**Action item:** In the records below, the lines between the one holding "医学类 手机 app 启动 界面 采用 扁平化 风格 用于 启动界面 青色 天蓝色" and the one holding "Cover - Micha, Gabdez, Mademoiselle", inclusive, are to be transcribed exactly; no pictures are to be included.

**Stored data:**
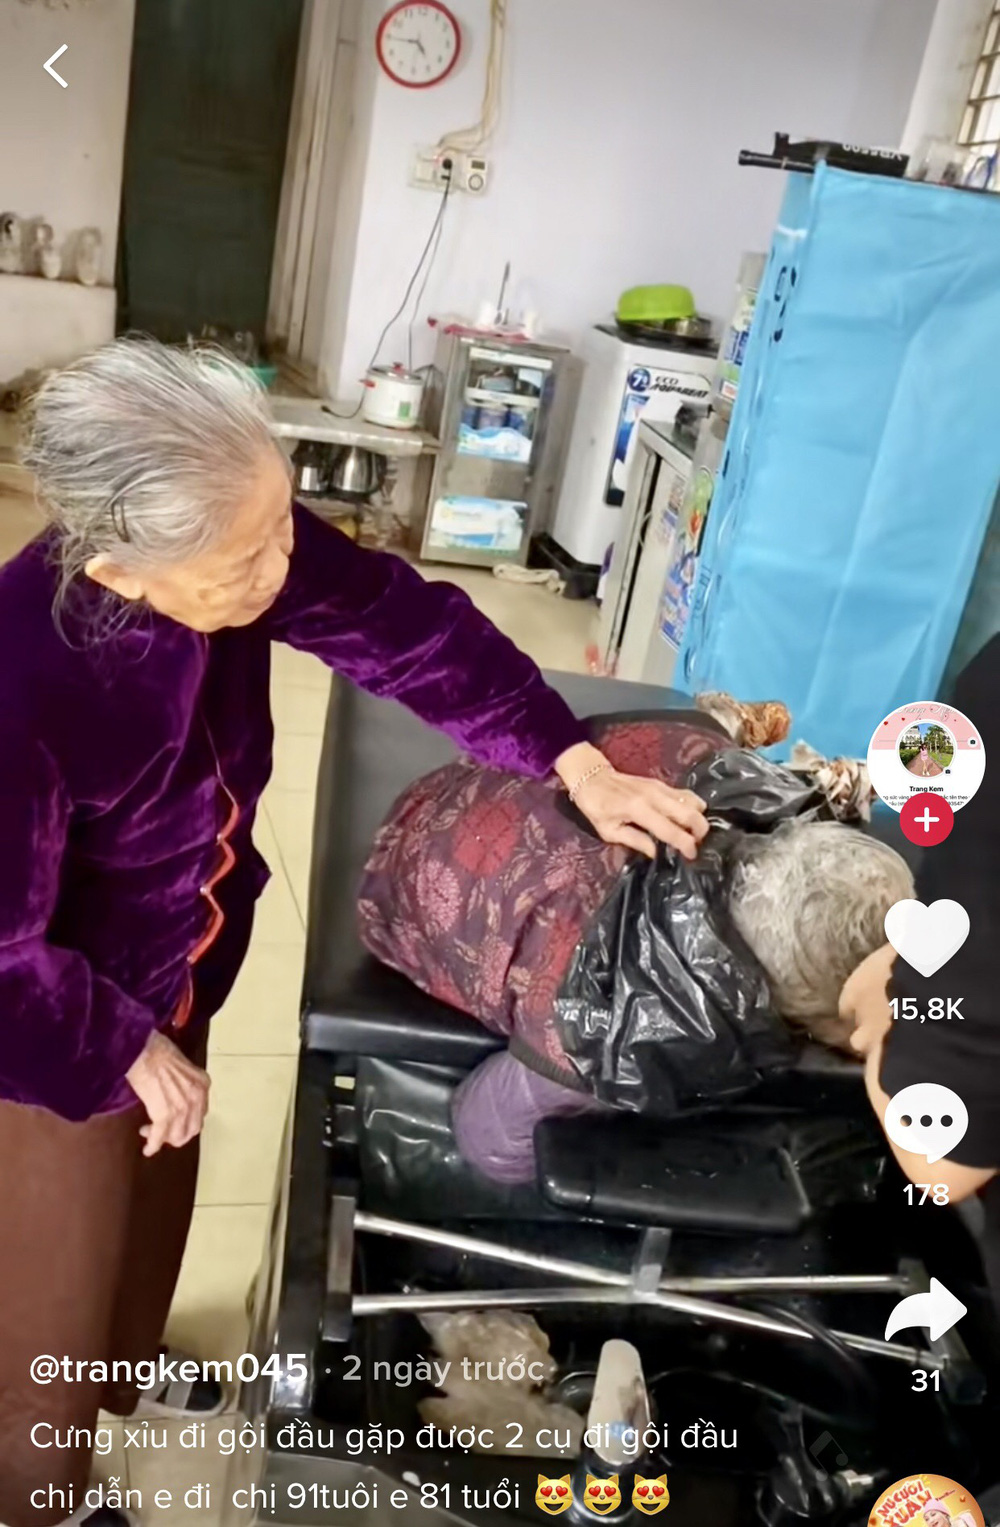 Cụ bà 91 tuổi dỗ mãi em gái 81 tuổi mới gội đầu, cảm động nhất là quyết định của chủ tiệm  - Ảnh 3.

==

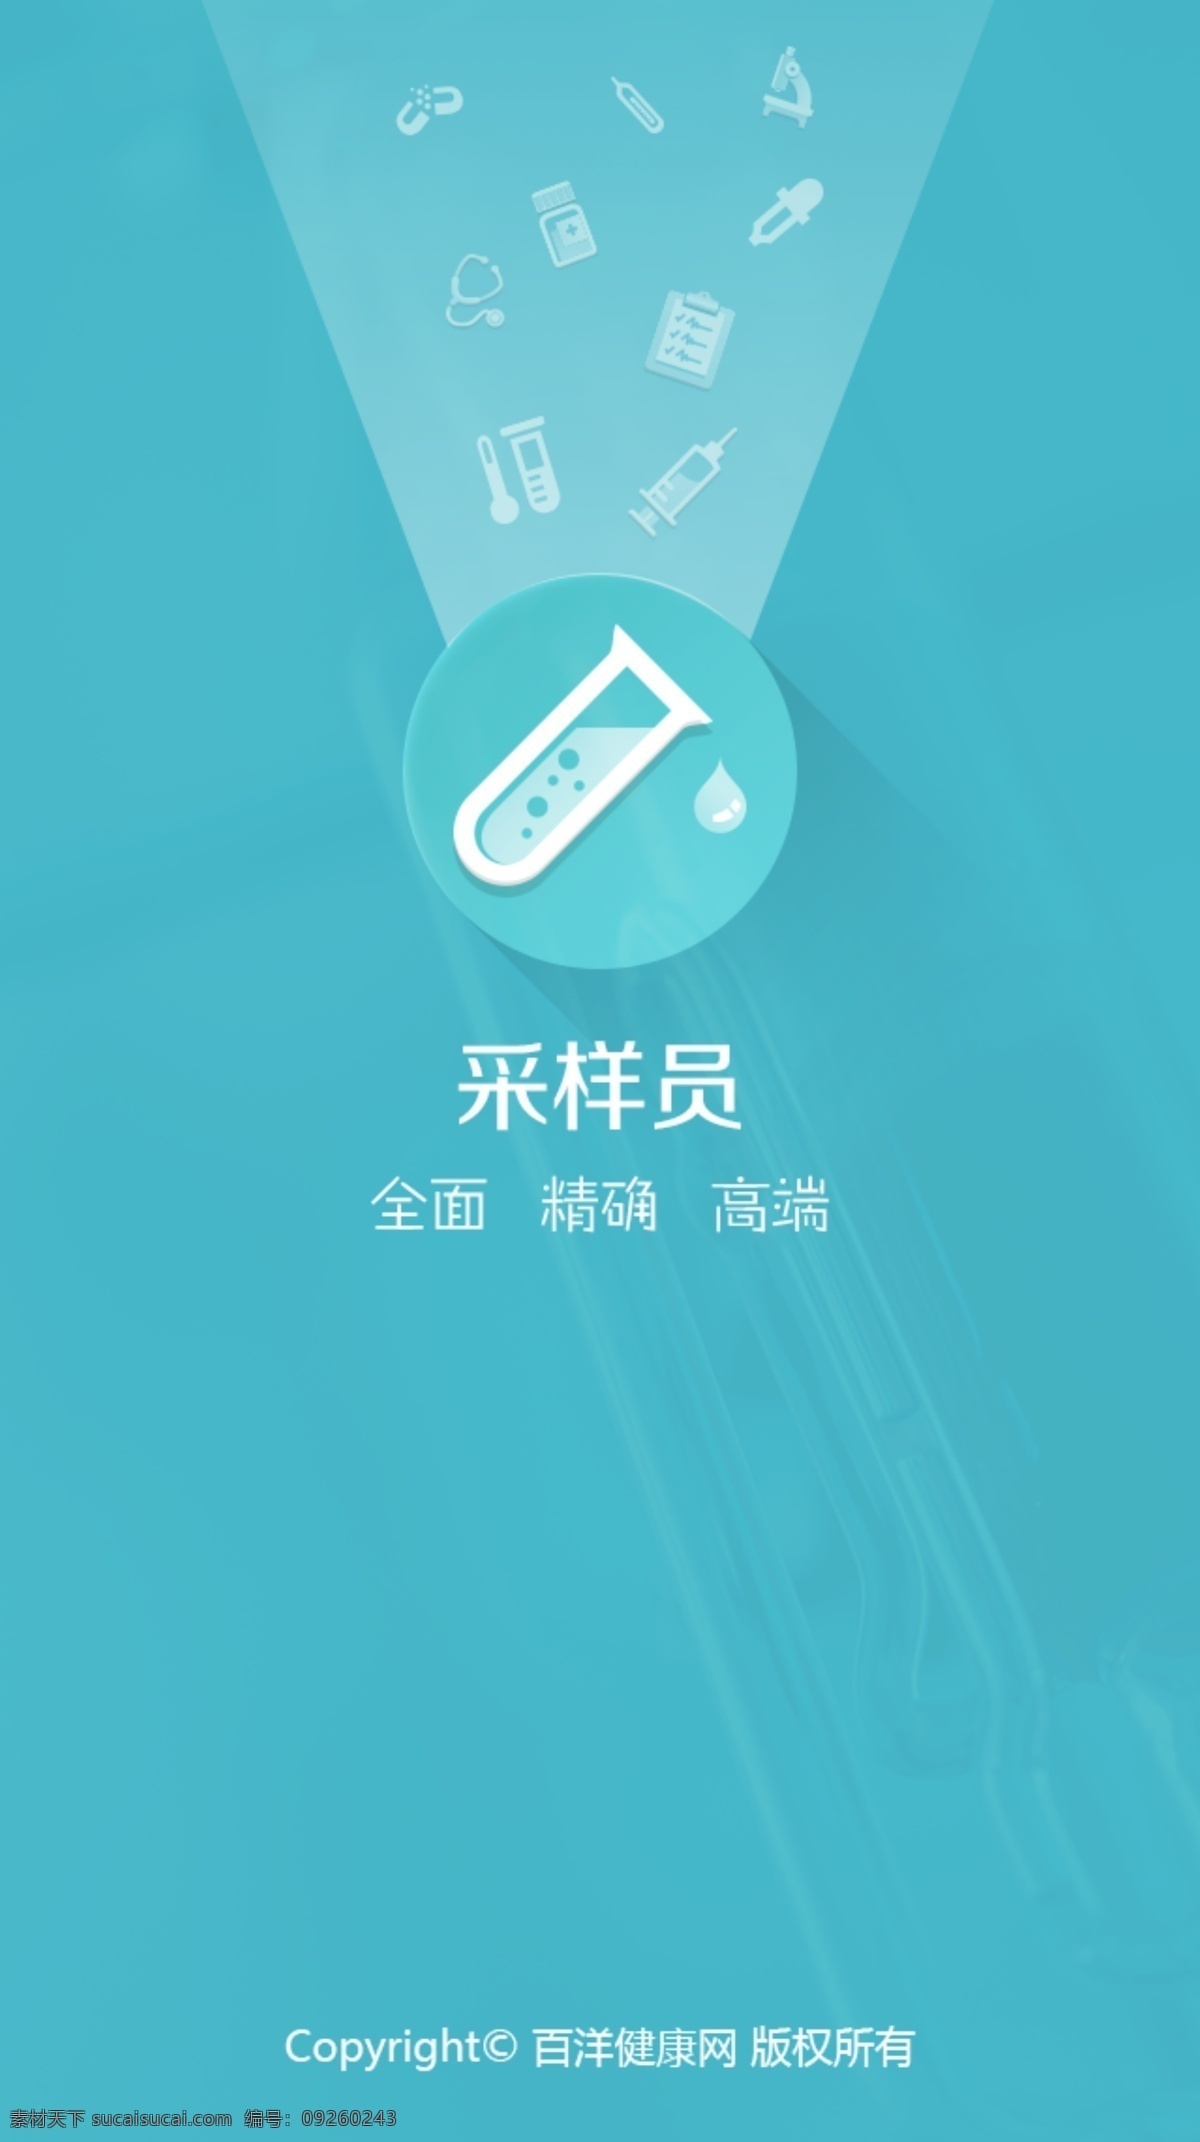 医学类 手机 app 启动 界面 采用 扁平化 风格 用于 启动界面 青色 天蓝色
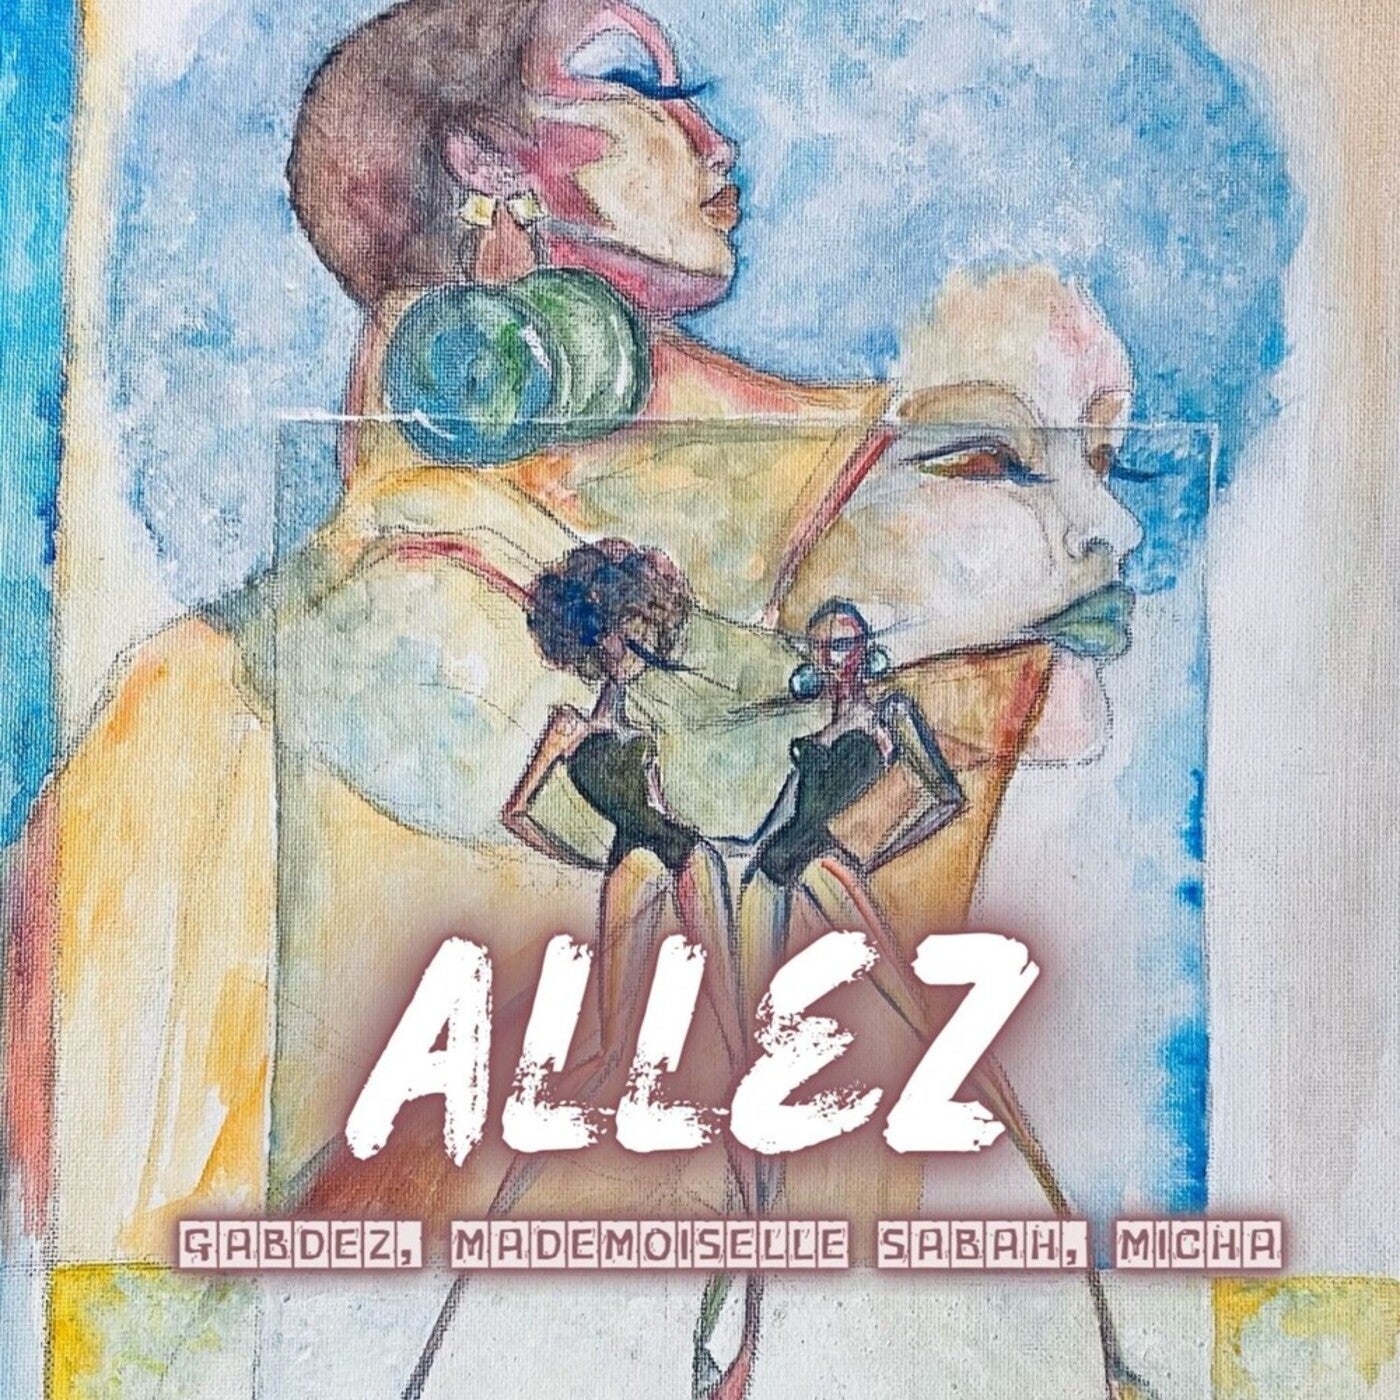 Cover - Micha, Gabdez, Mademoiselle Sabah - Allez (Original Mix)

**Response to the task:**
 医学类 手机 app 启动 界面 采用 扁平化 风格 用于 启动界面 青色 天蓝色
 Cover - Micha, Gabdez, Mademoiselle Sabah - Allez (Original Mix)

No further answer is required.